Gold 'Bullish' as Banks Hike 2026 Forecasts, Tether Hires HSBC Traders
GOLD BULLION hit 3-week highs in London on Tuesday, trading 3.4% above the weekend's level before dropping back through $4100 as major banks continued hiking their 2026 price forecasts and Bloomberg announced that crypto-token platform Tether has hired senior traders from London and global bullion giant HSBC.
"We remain bullish on gold," says Swiss bank and London bullion clearers UBS, calling the precious metal "an effective portfolio diversifier and hedge" and repeating the bank's 12-month price forecast of $4200 with potential for a pop $500 above that on "any significant rise in political and financial market risks."
Major financial brands Bank of America, Goldman Sachs, HSBC and Société Générale now predict a gold price of $5000 for 2026, while the private bank division of US financial giant J.P.Morgan forecasts a high of $5200 or $5300 by the end of 2026.
Goldman Sachs came into 2025 predicting that gold would reach $3000 by the end of this year − "one of the more bullish" gold price forecasts according to the Financial Times in January − while J.P.Morgan Private Bank predicted $3150.
Gold prices today touched $4148 per Troy ounce before falling $50 as New York's Nasdaq Index of tech stocks opened the day 0.6% lower.
"Tether Hires Top HSBC Gold Traders to Take on Bullion Market," says Bloomberg meantime, a fortnight after saying "J.P.Morgan's Grip on London Gold Vaults Challenged by Rival Banks" above a story claiming that Citigroup and Morgan Stanley "are seeking" to build and offer vaulting services in London − global bullion's trading and storage hub − while also hoping to become clearing members of the London market.
Never yet audited but attesting to $12.9 billion of corporate gold holdings at end-September − plus $9.9bn in Bitcoin and "approximately $135bn exposure to US Treasuries, direct and indirect" − Tether launched 'Tether Gold Tokens' under the laws of El Salvador four years ago.
Separate from its Dollar-tracking stablecoin but similarly using the Ethereum blockchain, Tether Gold (XAUt) now has a market cap of $1.5 billion if not $2.1bn, with 24-hour trading volume reportedly 6 times larger again.
"While we all know that past performance does not guarantee future results," says a new note from $2.2 trillion asset managers Pimco, "we expect the secular forces of recent years to persist, underpinning commodity returns for years to come."
"Political uncertainty should continue to support gold," says Switzerland's UBS, adding that "Elevated global government debt boosts demand for gold [while] the Federal Reserve’s easing path and US Dollar weakness are also supportive."
Société Générale, France's third largest bank, this year joined Germany's Deutsche Bank and Japanese trading house Mitsui − who both exited precious metals during gold's post-financial crisis bear market a decade ago − in returning to bullion trading after quitting in 2019.

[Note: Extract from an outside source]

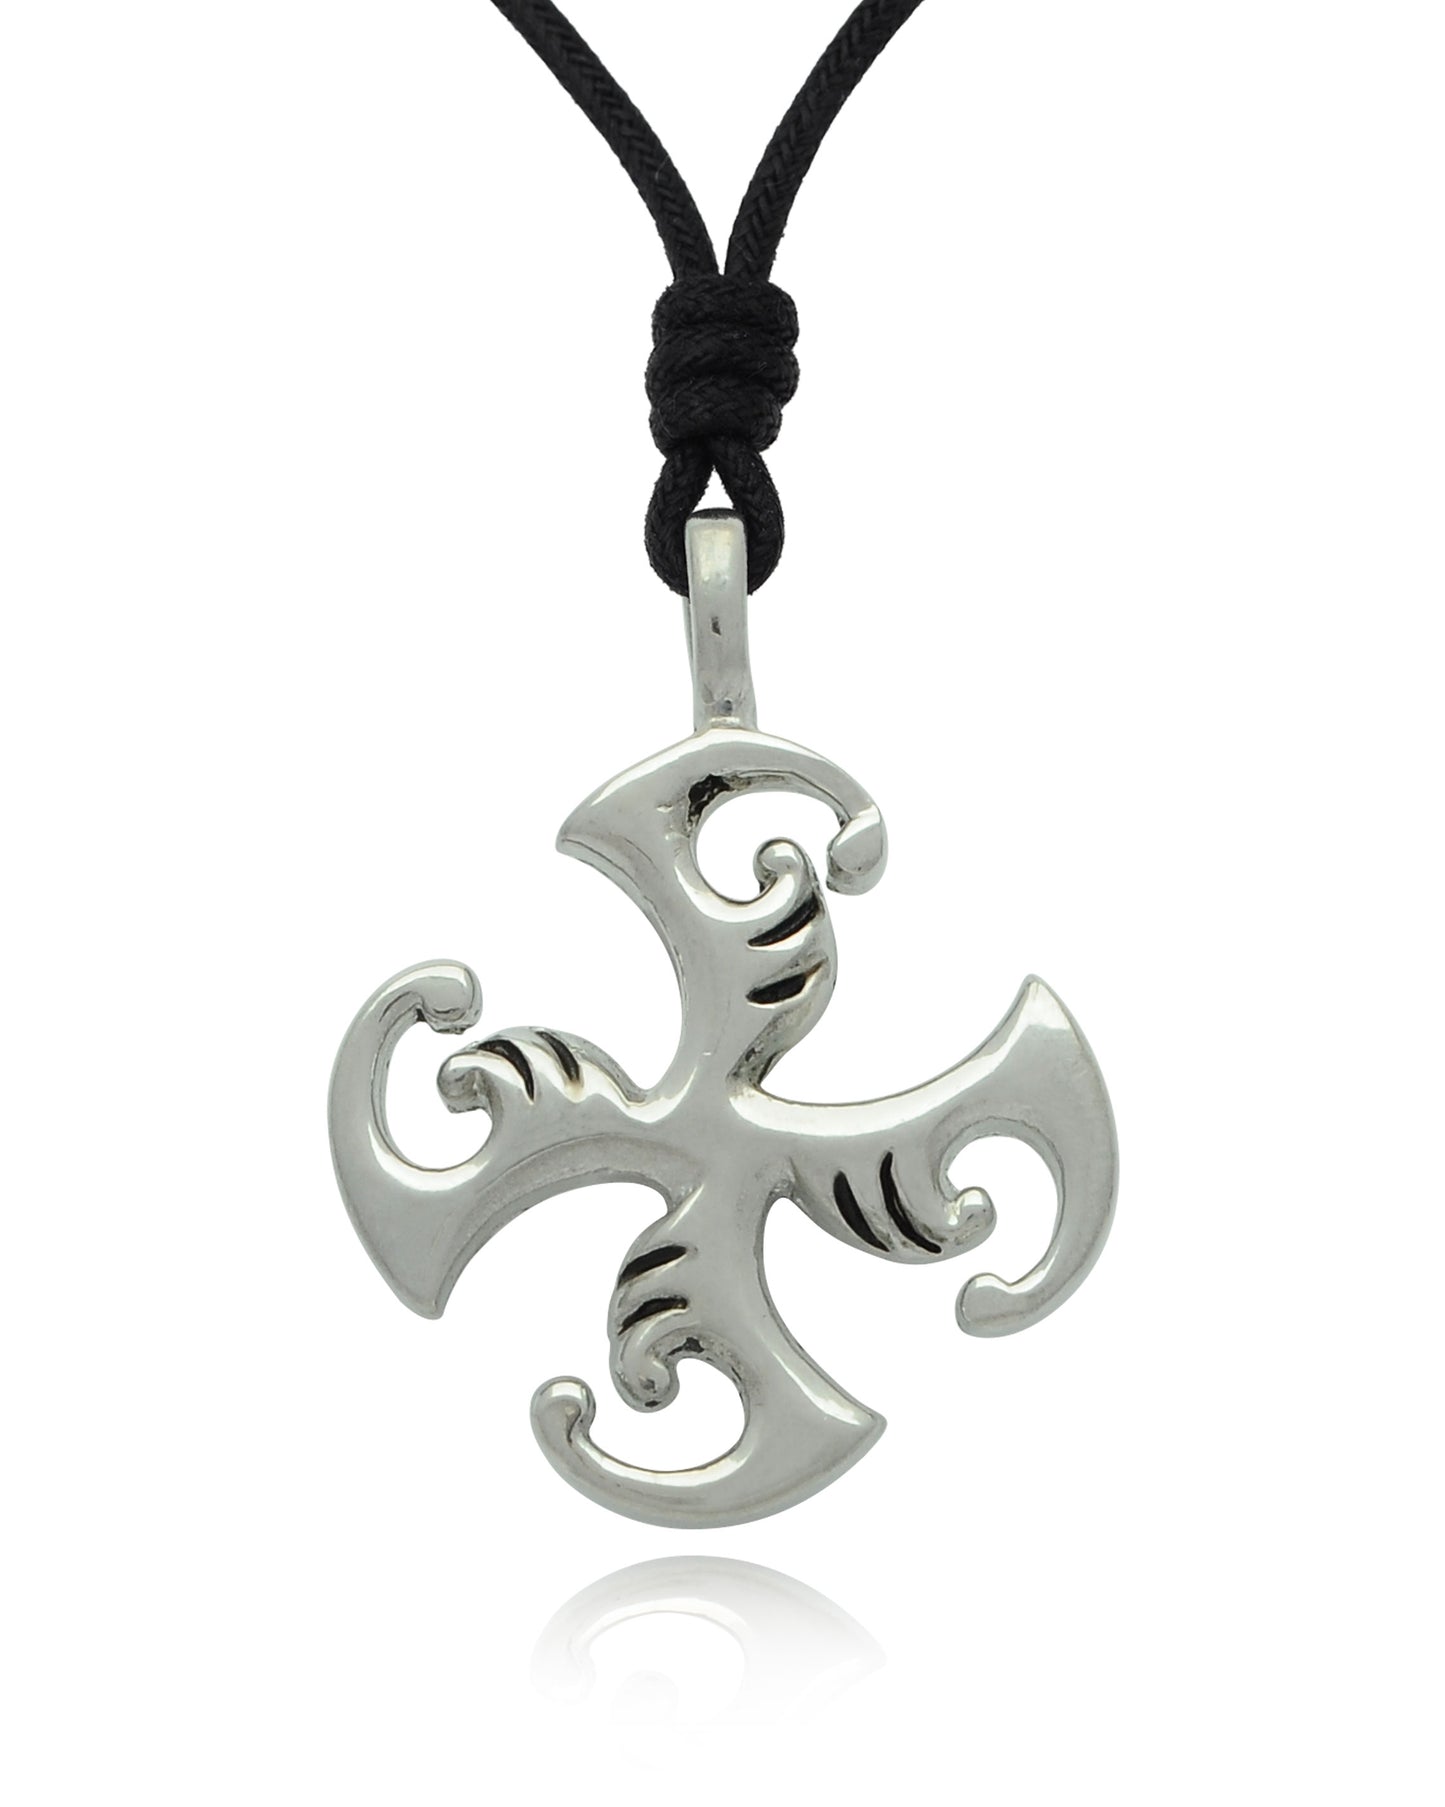 Fashionable Maori Silver Pewter Charm Necklace Pendant Jewelry

Silver prices meantime lost 75 cents on Tuesday from its own sudden 3-week high near $51.25 per Troy ounce, while fellow industrial precious metals platinum and palladium dropped from their highest in a week at $1600 and $1450 respectively.
UK unemployment rose to 5.0% on today's figures for September − the worst since Christmas 2020's Covid lockdowns − while business sentiment in world No.3 economy Germany defied analyst forecasts to fall on the latest ZEW survey.
Tether's hires from HSBC include Mathew O'Neill, who worked at the bank since graduating in 2008, and Vincent Domien, still currently listed as a member of the board of trade body the London Bullion Market Association.
This year's steep gold and silver gains, plus the precious metals' price volatility has also attracted energy trading houses including Trafigura and Gunvor.